Jerome Caryl was neither discomposed nor confused; he surveyed her agitation with a tender calmness and his strange melancholy smile deepened.

“I think we can make the Macdonalds take the oaths, Miss Delia,” he said, “as an old friend you will let me help you—in what I can?”

She lifted her head and looked at him with a half-wonder.

“What do you mean?” she whispered.

His voice sank melodiously low.

“I mean I think you would not care, Miss Delia, for the man who has left us to be massacred by the Campbells—you would like to think he and his clan were safe.”

Delia went white and clutched at the edge of the mantelpiece; she stared with widened eyes at the beautiful face of the man opposite.

“You know,” she said at length, “you are very gallant with my folly, Mr.

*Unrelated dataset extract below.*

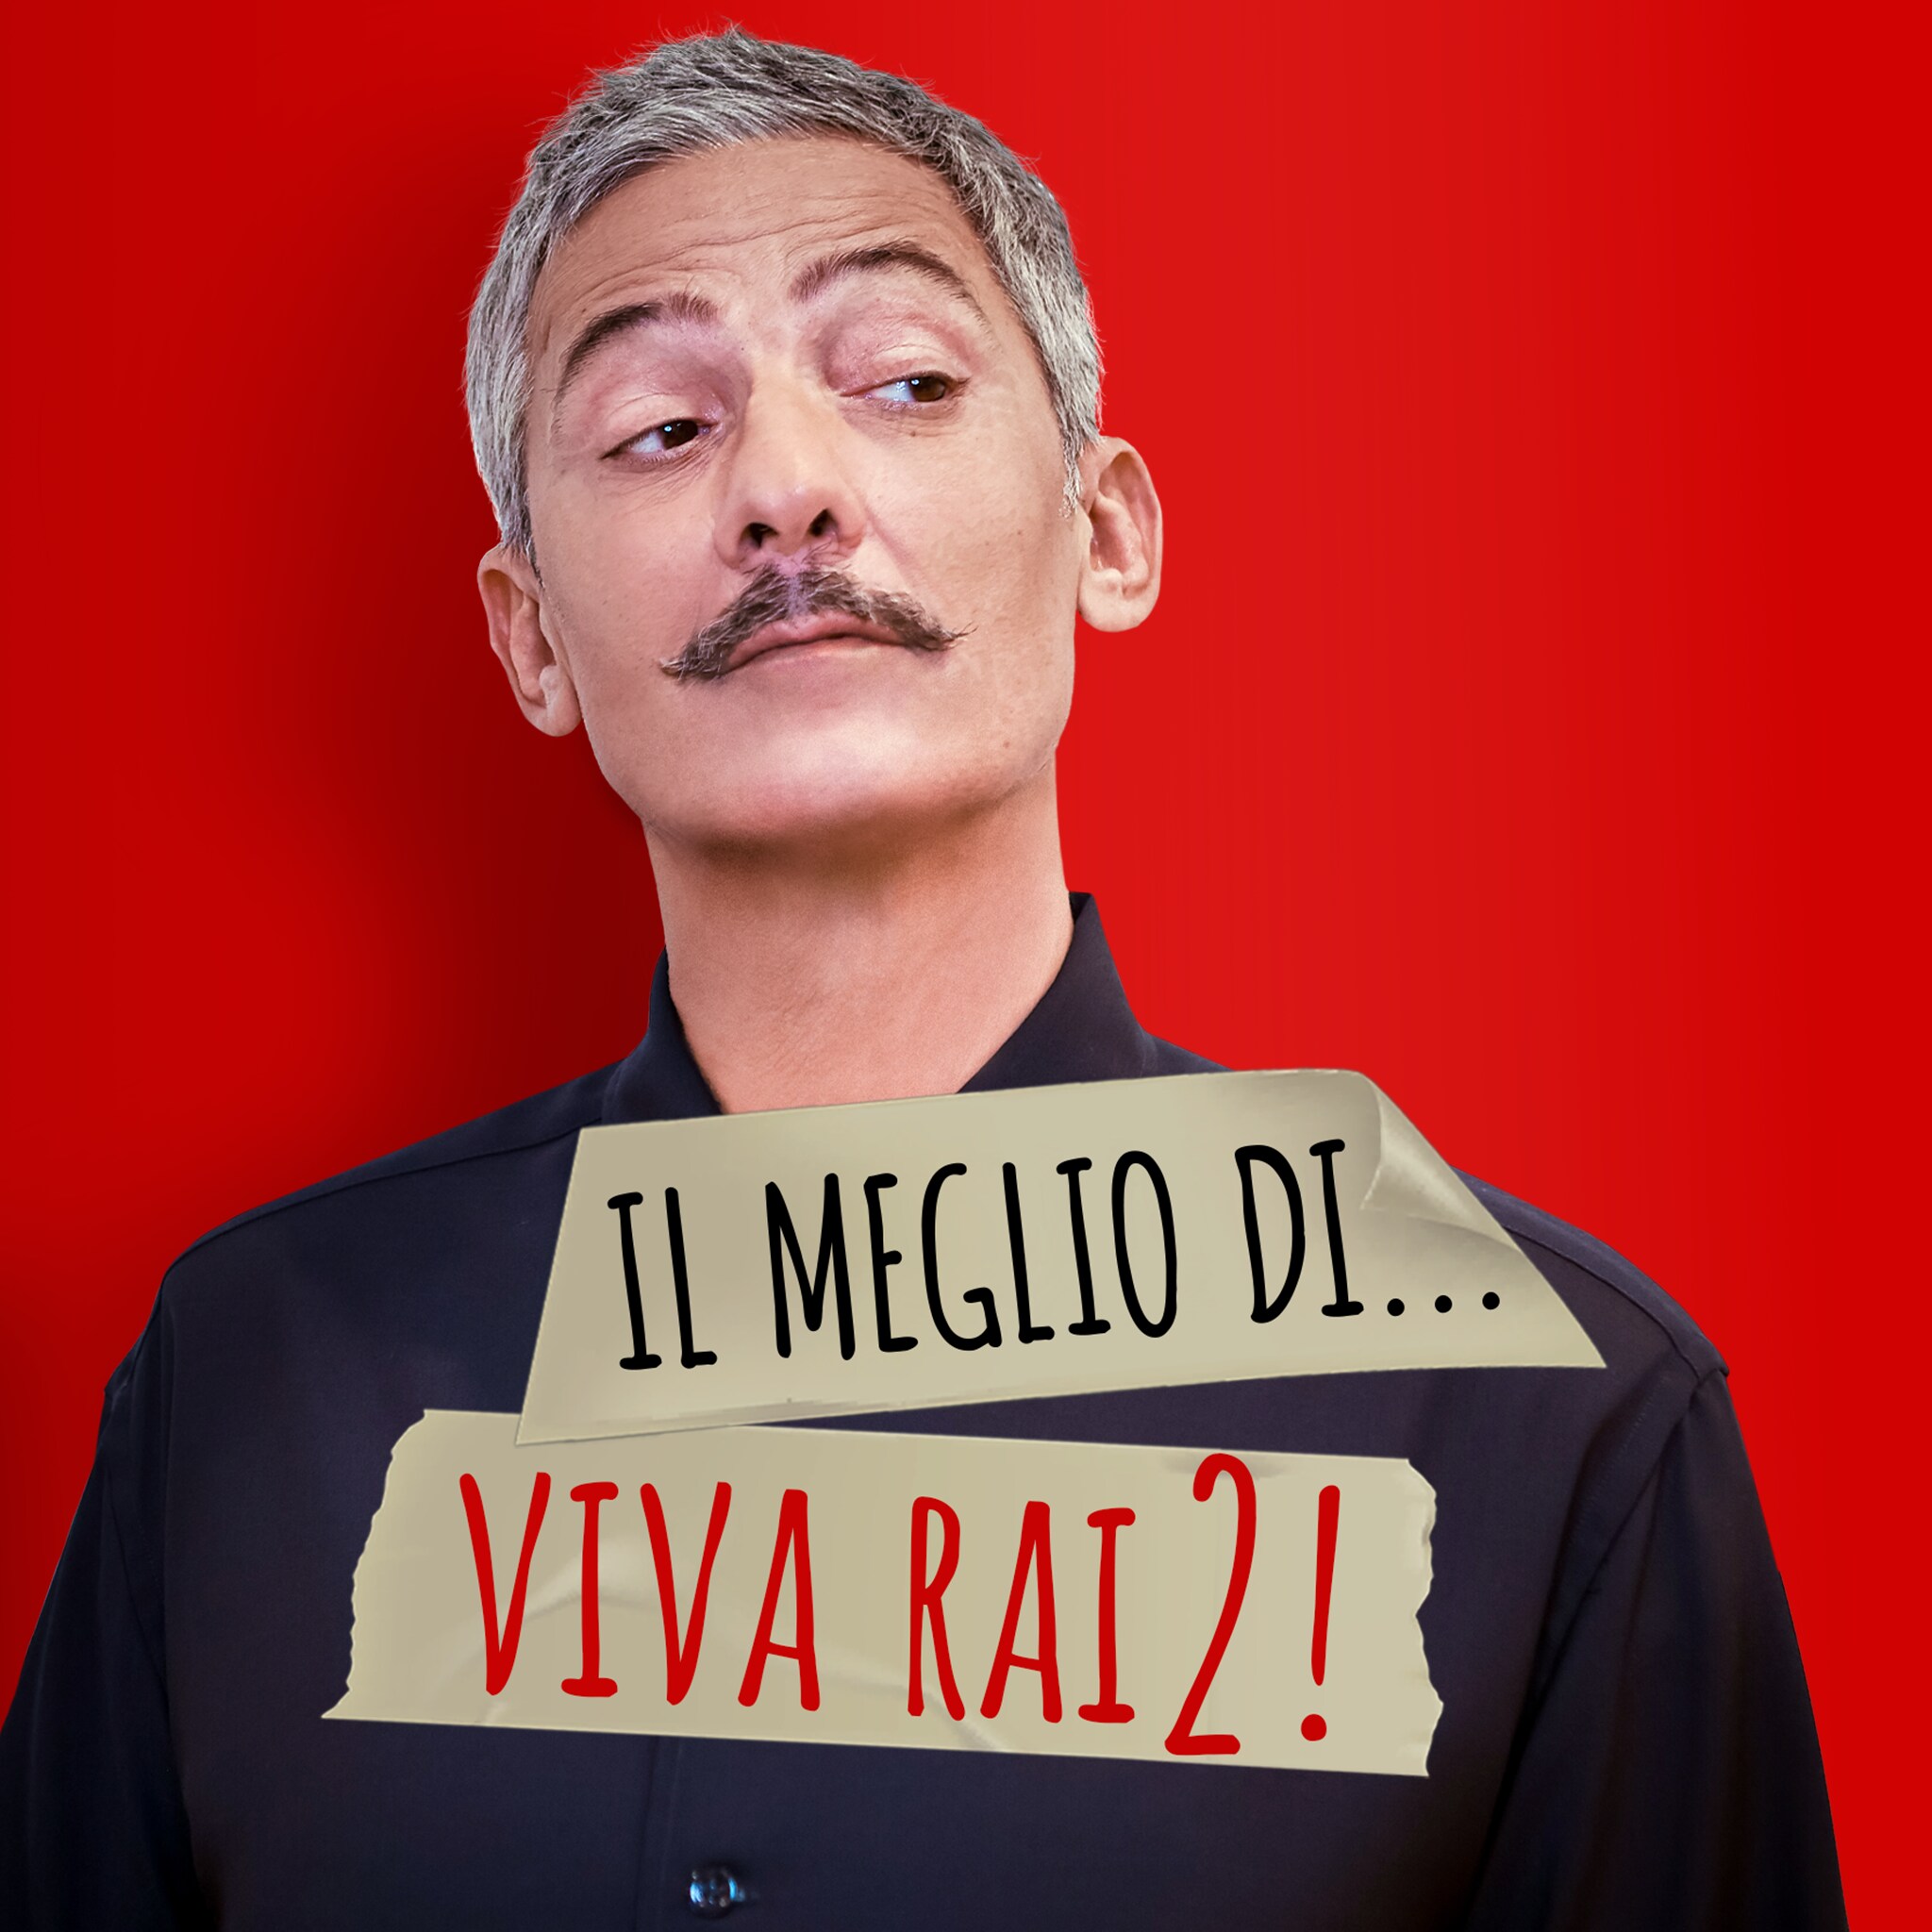 Rai Radio 2 Viva Rai2! Il Meglio Di

Caryl.”

“My sweet friend,” he answered, “your folly is a lovely thing—this man is honored by your consideration and I by leave to help you—you have a tenderness toward the life you saved; believe me it does you credit.”

A look of relief crossed her face, she gave a little gasping sigh.

“You are generous,” she said falteringly, “and I foolish—and ashamed—”

“I have seen strange things in an adventurer’s career, Miss Delia,” he smiled, “but never any one ashamed with no cause.”

She stood abashed, yet comforted; gratitude that he had not guessed and fear that he might struggled together at her heart; she resolved on escape.

“Good-night,” she said, and held out her hand.

His cool, firm palm touched her trembling hot fingers; she gave him a wistful look.

“Thank you—Jerome,” she said, and with a sweep of skirts was gone.

He noted the way she gave him his name as a great mark of confidence, and smiled quietly.

“So she is in love with that Highlander,” he said to himself, “and thinks her heart broken!”

He shrugged his shoulders; then yawned and picked the candle up.

“Perseus is remarkably obtuse,” he reflected. “Poor lady!” And he yawned again.